I am using the HF text generation interface Docker container.
I can successfully run this model, e.g.:
docker run -p 8080:80 -v $volume:/data ghcr.io/huggingface/text-generation-inference:1.0.0 --model-id 'tiiuae/falcon-7b-instruct'
However, a question I have after running this model is the Features section notes:
Quantization with bitsandbytes and GPT-Q
If this is right, how do i make the bitsandbytes config settings?
Then I tried this model:
TheBloke/Llama-2-13B-chat-GPTQ
and get the error:
2023-08-06T20:01:24.114162319Z asyncio.run(serve_inner(model_id, revision, sharded, quantize, trust_remote_code))
2023-08-06T20:01:24.114167482Z
2023-08-06T20:01:24.114171555Z File "/opt/conda/lib/python3.9/asyncio/runners.py", line 44, in run
2023-08-06T20:01:24.114178322Z return loop.run_until_complete(main)
2023-08-06T20:01:24.114182856Z
2023-08-06T20:01:24.114186696Z File "/opt/conda/lib/python3.9/asyncio/base_events.py", line 647, in run_until_complete
2023-08-06T20:01:24.114191040Z return future.result()

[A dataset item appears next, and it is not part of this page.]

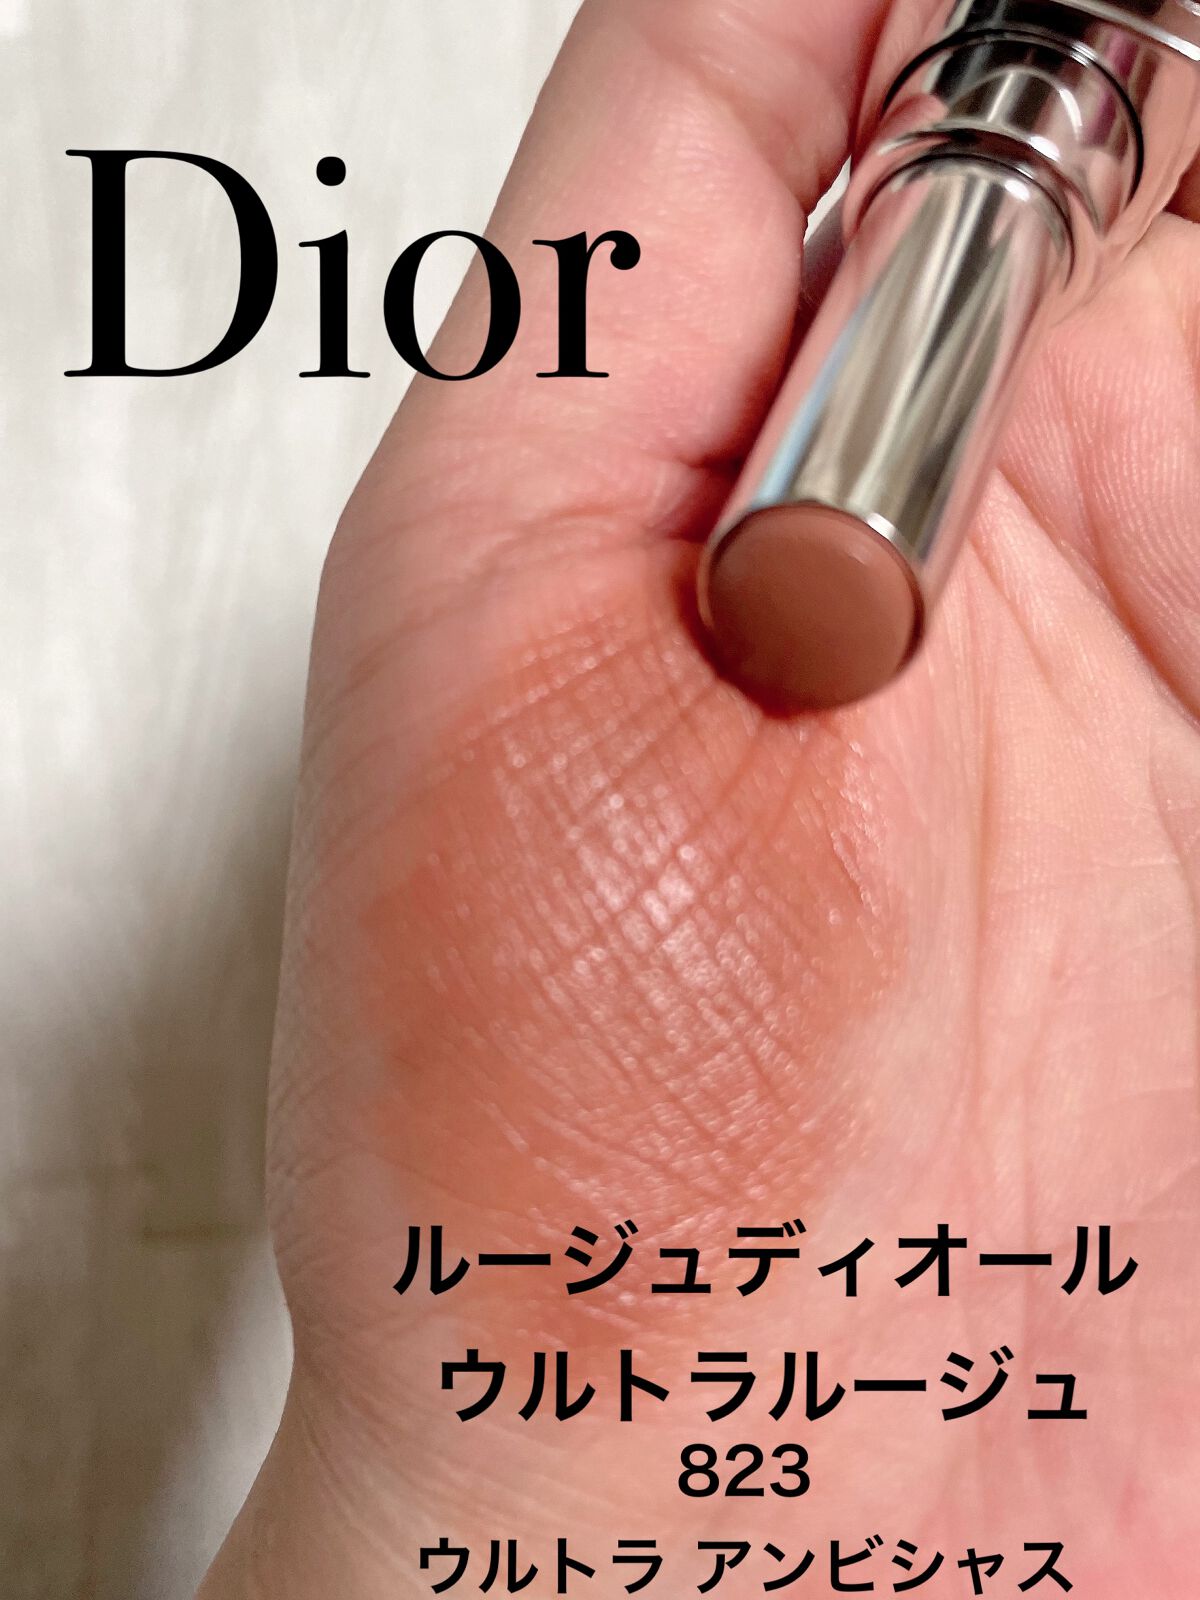 Diorの口紅 ルージュ ディオール ウルトラ ルージュ他、4商品を使った

2023-08-06T20:01:24.114195680Z
2023-08-06T20:01:24.114199773Z File "/opt/conda/lib/python3.9/site-packages/text_generation_server/server.py", line 124, in serve_inner
2023-08-06T20:01:24.114204097Z model = get_model(model_id, revision, sharded, quantize, trust_remote_code)
2023-08-06T20:01:24.114208384Z
2023-08-06T20:01:24.114212214Z File "/opt/conda/lib/python3.9/site-packages/text_generation_server/models/__init__.py", line 246, in get_model
2023-08-06T20:01:24.114235052Z return llama_cls(
2023-08-06T20:01:24.114239565Z
2023-08-06T20:01:24.114243359Z File "/opt/conda/lib/python3.9/site-packages/text_generation_server/models/flash_llama.py", line 58, in __init__
2023-08-06T20:01:24.114247573Z filenames = weight_files(model_id, revision, ".bin")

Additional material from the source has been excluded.